Irreversibility assay
The recovery of enzyme activity after DW14383 administration was evaluated by a rapid dilution experiment, as previously described [34]. A mixed solution of FGFR1 kinase (2 nmol/L) and excess DW14383 (100-fold IC50) was preincubated at ambient temperature for 30 min. This enzyme-inhibitor complex was then diluted 1:100 into reaction mixtures containing 262 μmol/L ATP and the substrate peptide (5-FAM-KKSRGDYMTMQIG-CONH2).
In vivo antitumor activity assay
For the NCI-H1581 and Hep3B xenograft model experiments, the indicated tumor cells (5 × 106 cells per mouse) were injected subcutaneously (s.c.) into the right flank of nude mice. After growing to 700–800 mm3, the well-developed tumors were cut into 1-mm3 fragments and transplanted s.c. into the right flank of female nude mice (4–6 weeks old) using a trocar. The mice were randomized when the tumor reached a mean volume of ~100–150 mm3 and were treated with DW14383 at the indicated doses via gavage once daily for 14 or 21 days. Tumor volume was measured twice per week with a microcaliper and quantified using the modified ellipsoidal formula (tumor volume = 1/2 (length × width2)).

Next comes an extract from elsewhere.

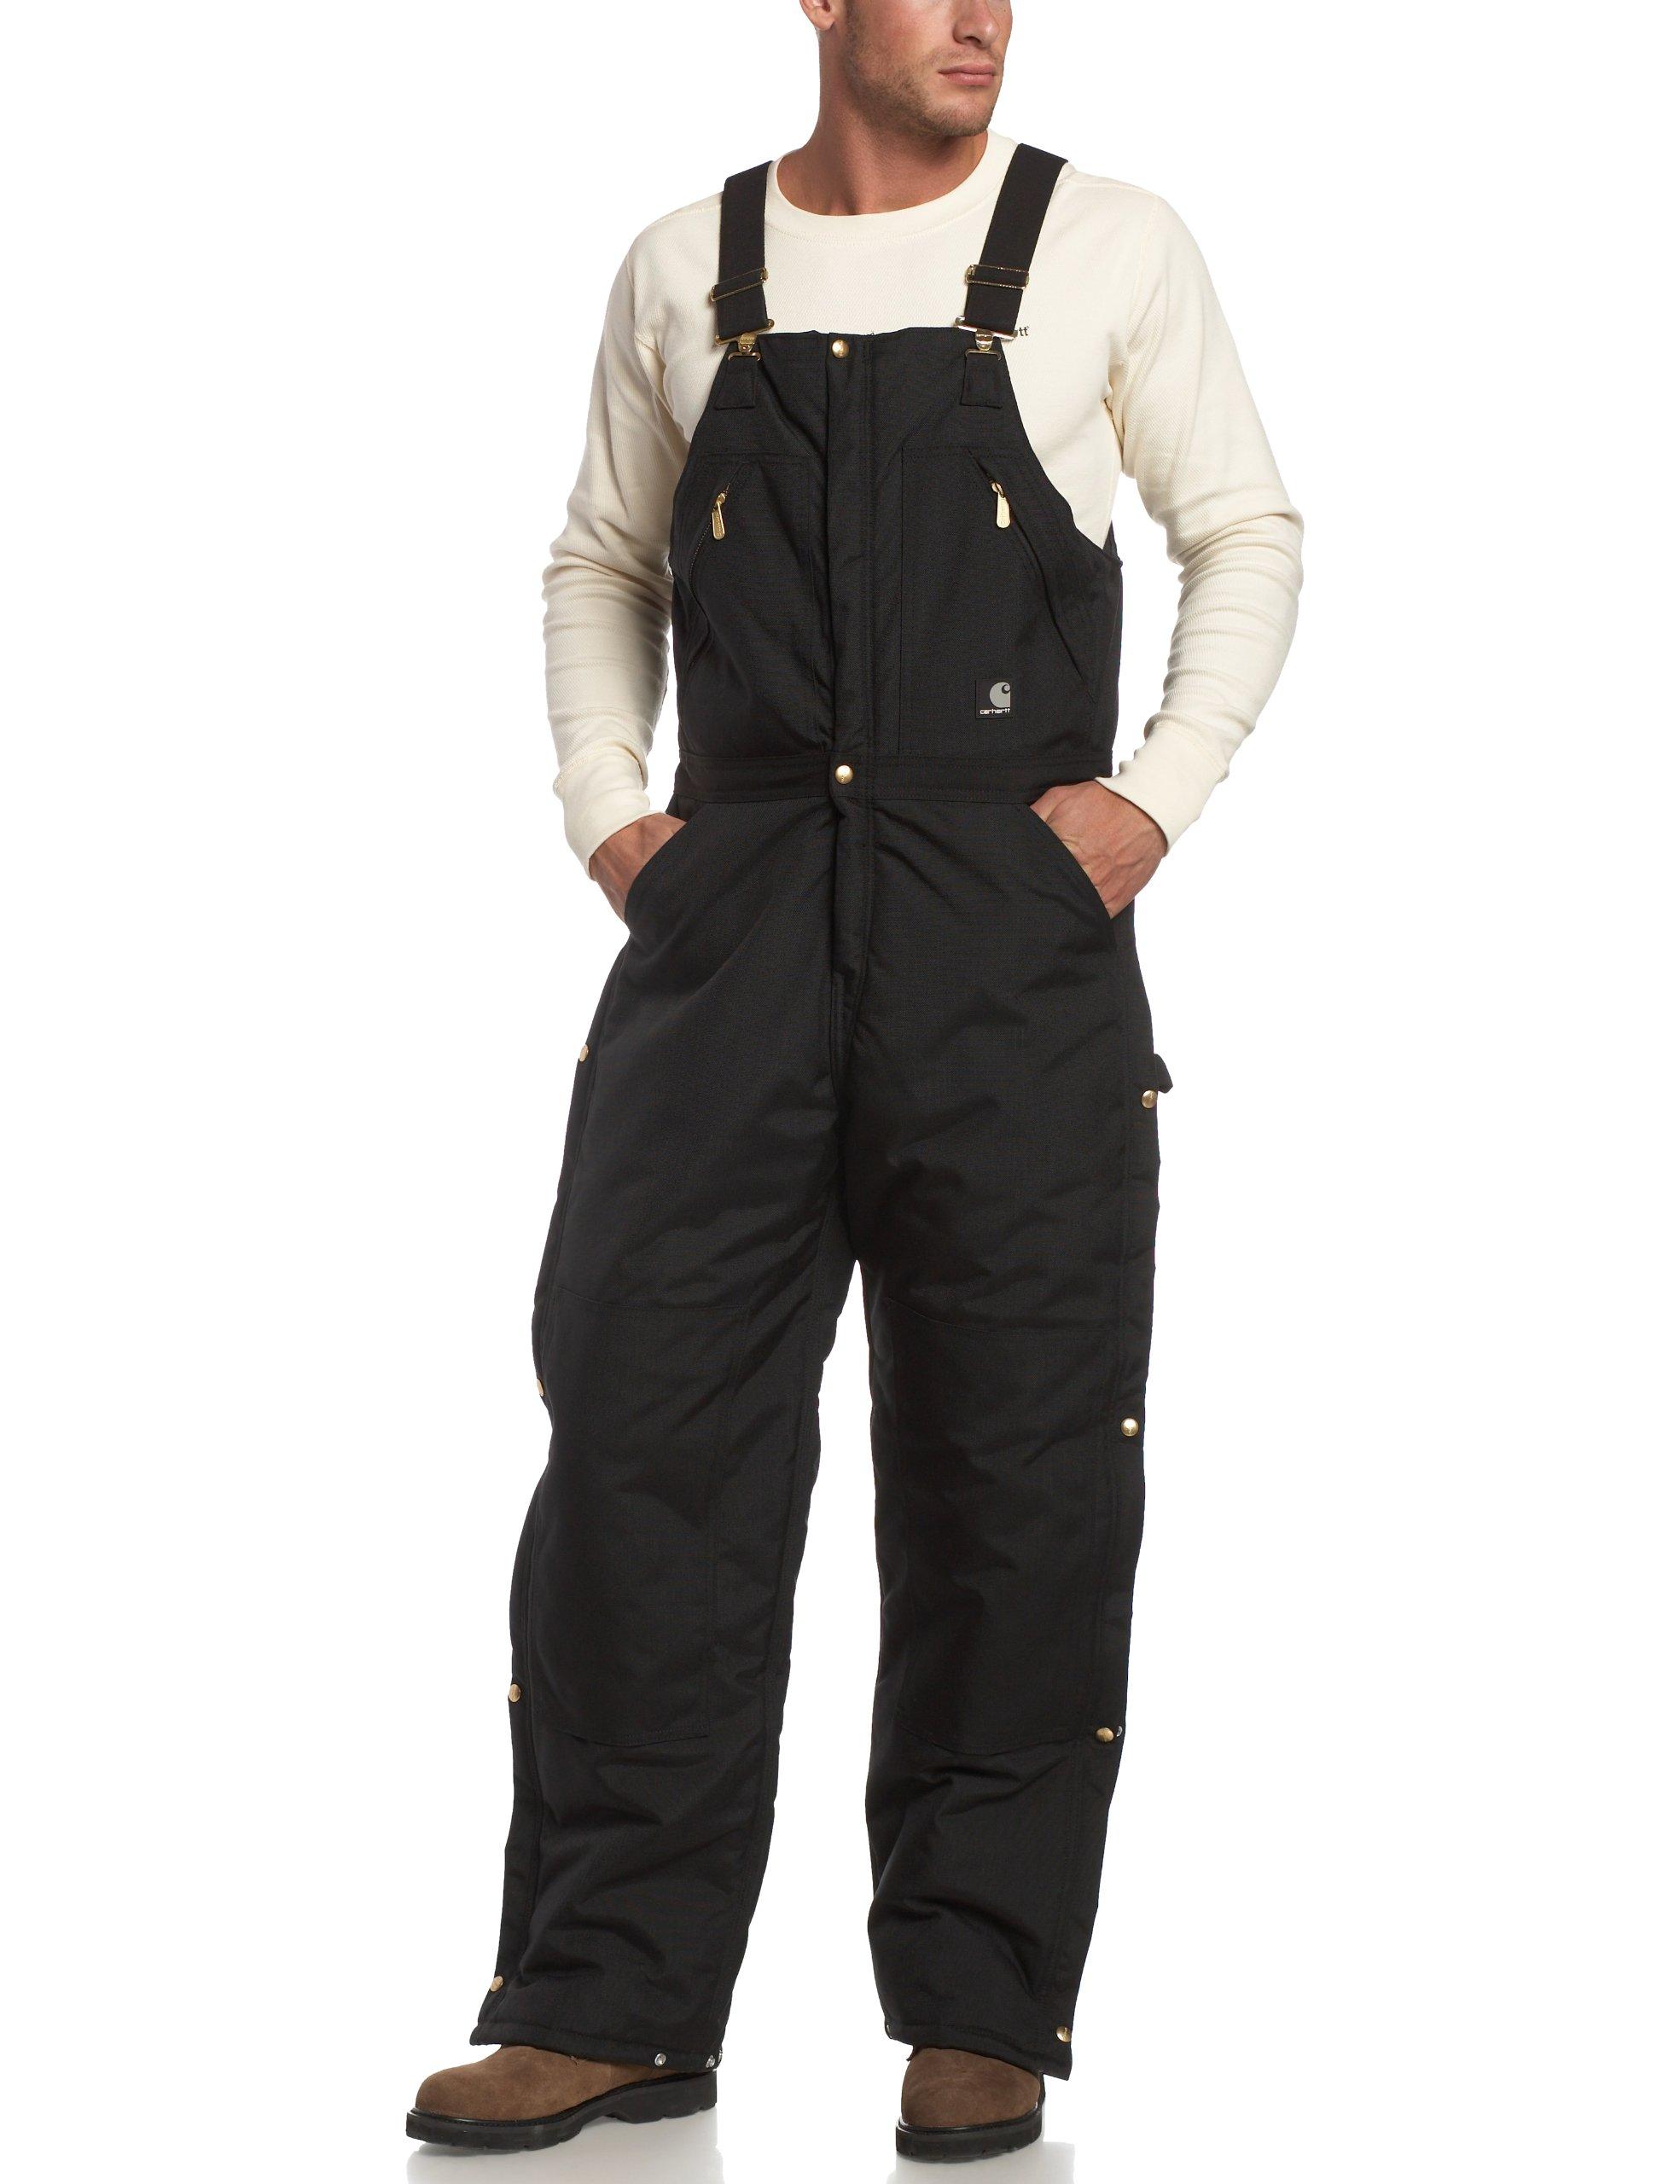 Carhartt Men's Yukon Arctic Quilt Lined Zip to Waist Biberalls,Black,32 x 30

Tumor growth inhibition (TGI) values were determined on the final day of the study as 100 × {1 − [(VTreated Final day − VTreated Day 0)/(VControl Final day − VControl Day 0)]}. The data are presented as the means ± standard error of the mean (SEM), while statistical significance was calculated by unpaired Student’s t test (NS, P > 0.05; P < 0.05; P < 0.001). Animal procedures were approved by the Institutional Animal Care and Use Committee of the Shanghai Institute of Materia Medica.
Pharmacodynamics studies
To assess the pharmacodynamics of DW14383 in tumors, mice bearing established xenograft tumors were treated with the compound at 25 or 5 mg/kg for 3 days. Two hours following the last administration, the mice were humanely euthanized, and their tumors were resected. The tumors were snap-frozen in liquid nitrogen and then homogenized in 500 μL of protein extraction solution (radioimmunoprecipitation assay, RIPA). The tumor extracts were then subjected to Western blot analysis. The individual bands of p-FGFR1 and p-ERK were scanned and quantified using Gel Pro Analyzer software (Media Cybernetics, Inc.). The relative tyrosine phosphorylation of each sample at the indicated time points was then calculated, with the average value of vehicle-treated sample used set at 100%.
Results
DW14383 is a potent pan-FGFR inhibitor with high selectivity over KDR
DW14383 exhibited equipotent activity against FGFR1, 2, 3 and 4, with IC50 values of less than 0.3, 1.1, less than 0.3, and 0.5 nmol/L, respectively (Table 1). The widely validated selective FGFR1–3 inhibitor AZD4547 [45, 46] and irreversible FGFR1–4 inhibitor TAS-120 [47–49] were also tested as positive controls. DW14383 was more potent than TAS-120 and comparable to AZD4547 (Table 1). Testing against a small panel of representative human kinases, including the highly homologous kinase KDR, was also conducted. No obvious inhibitory effects were observed against other tested kinases, including the typical angiogenesis-regulating kinases (VEGFR1, KDR, PDGFRα, and PDGFRβ) (Table 1). Notably, DW14383 displayed more than 1100-fold selectivity for FGFR1 over recombinant KDR, making it one of the most selective FGFR inhibitors over KDR described to date. These data suggested that DW14383 was a selective pan-FGFR kinase inhibitor.
Table 1.
Kinase selectivity profile of compounds.
| Kinase | IC50 (nmol/L) | ||
|---|---|---|---|
| DW14383 | TAS-120 | AZD4547 | |
| FGFR1 | <0.3 | 3.9 ± 0.8 | 0.4 ± 0.1 |
| FGFR2 | 1.1 ± 0.3 | 4.2 ± 0.0 | 1.0 ± 0.5 |
| FGFR3 | <0.3 | 8.1 ± 0.9 | 2.3 ± 0.2 |
| FGFR4 | 0.5 ± 0.1 | 4.1 ± 1.2 | 49.8 ± 5.4 |
| KDR | 335.8 ± 25.2 | >1000 | 57.9 ± 22.1 |
| VEGFR-1 | >100 | >100 | >100 |
| PDGFR-α | >1000 | >100 | >1000 |
| PDGFR-β | >100 | >100 | >1000 |
| C-Kit | >100 | >100 | >100 |
| Flt-3 | >1000 | >100 | >1000 |
| EGFR | >1000 | >1000 | >1000 |
| ErbB2 | >1000 | >100 | >1000 |
| ErbB4 | >100 | >100 | >1000 |
| c-Src | >1000 | >1000 | >1000 |
| ABL | >1000 | >1000 | >1000 |
| EPH-A2 | >1000 | >1000 | >1000 |
| IGFIR | >100 | >100 | >1000 |
aValues are the mean ± SD or estimated values of two or more independent assays.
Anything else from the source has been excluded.